Data provided
=-=-=-=-=

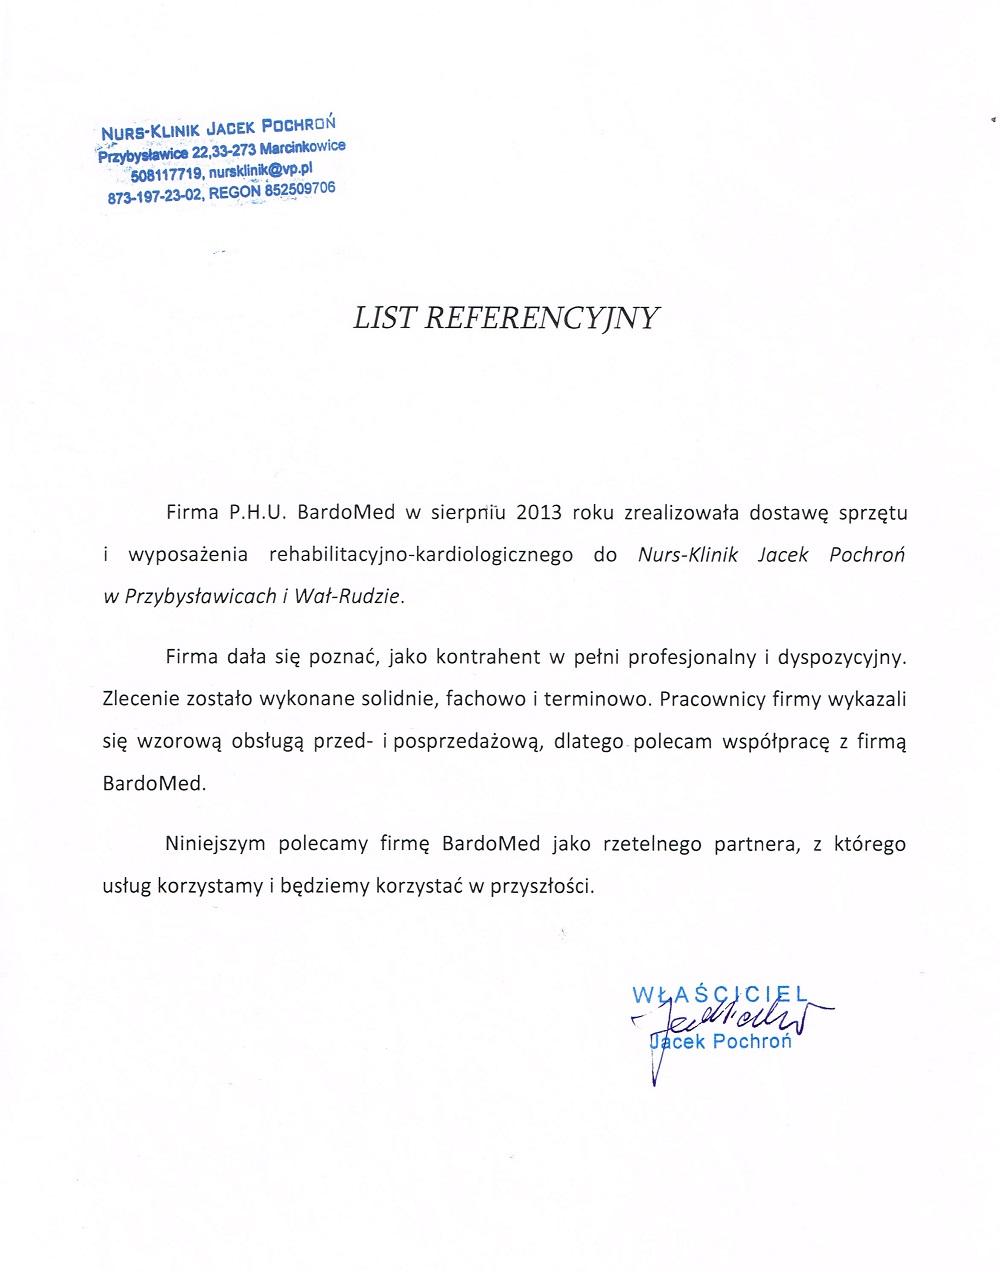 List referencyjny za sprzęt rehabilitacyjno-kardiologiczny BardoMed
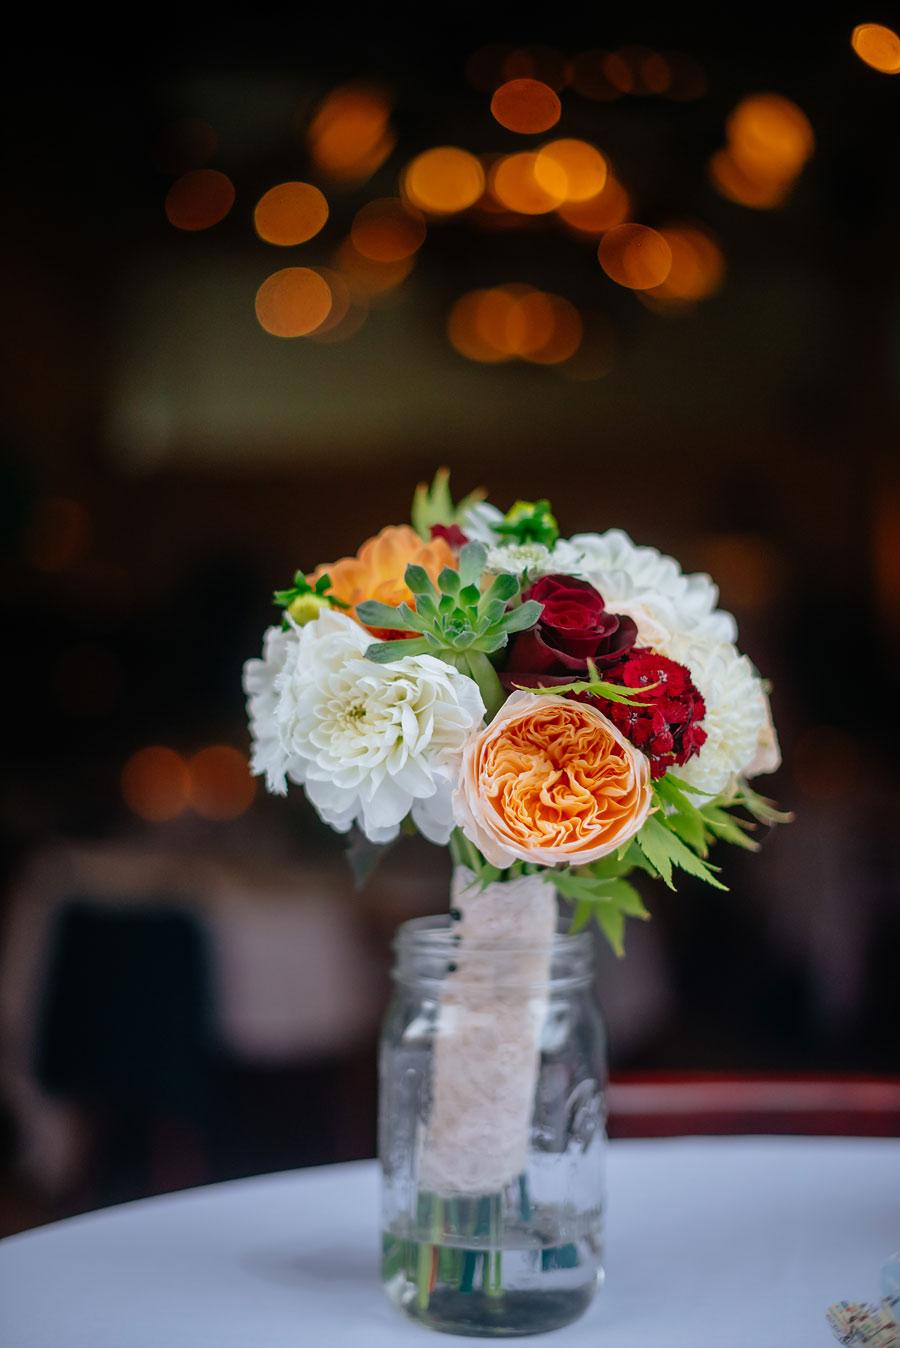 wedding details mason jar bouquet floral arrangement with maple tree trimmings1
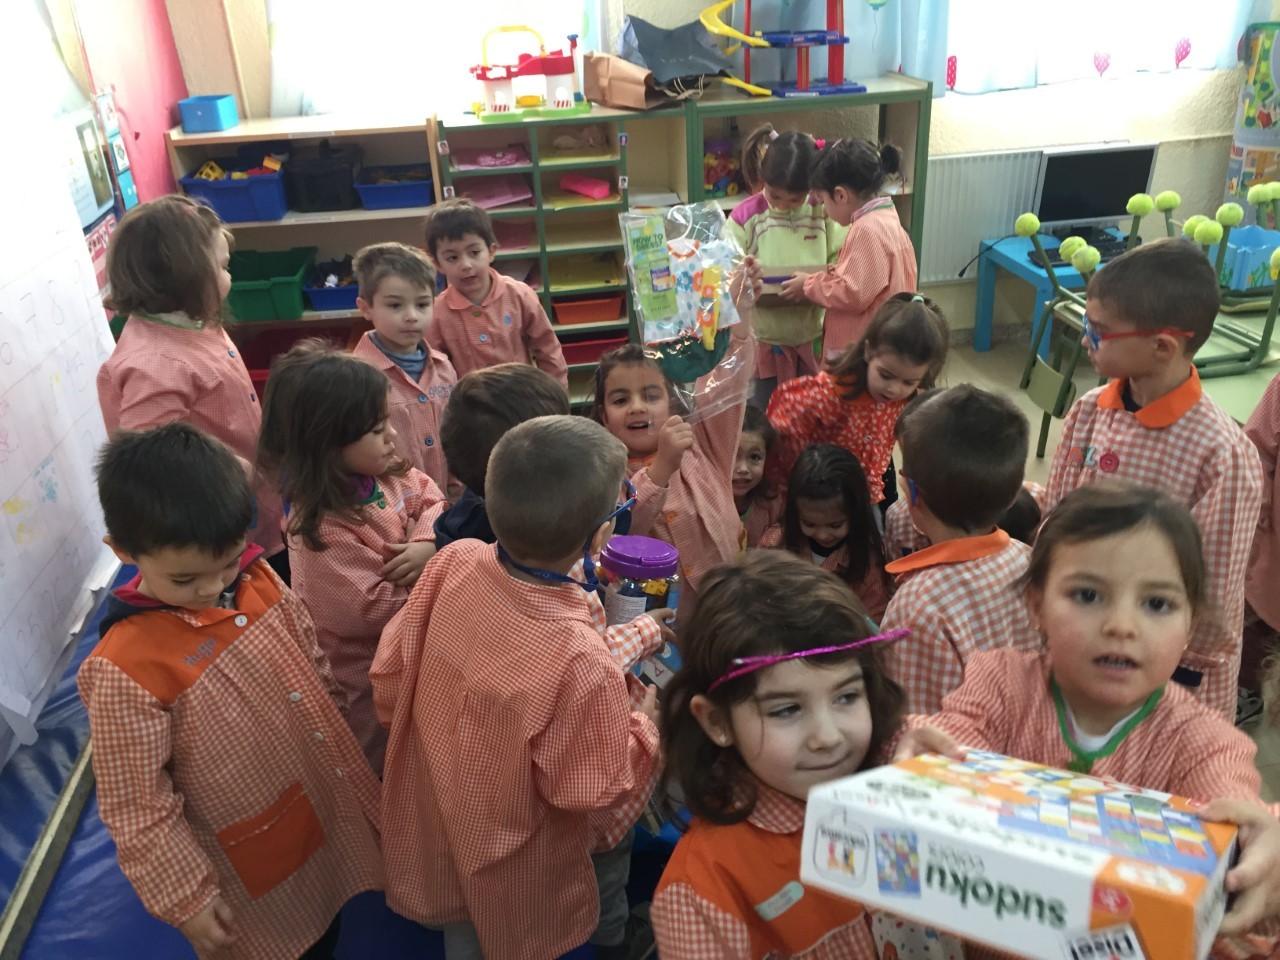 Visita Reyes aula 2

=-=-=-=-=

Work item
Copy the material above in full and exactly, skipping pictures.

Finished task
 List referencyjny za sprzęt rehabilitacyjno-kardiologiczny BardoMed
 wedding details mason jar bouquet floral arrangement with maple tree trimmings1
 Visita Reyes aula 2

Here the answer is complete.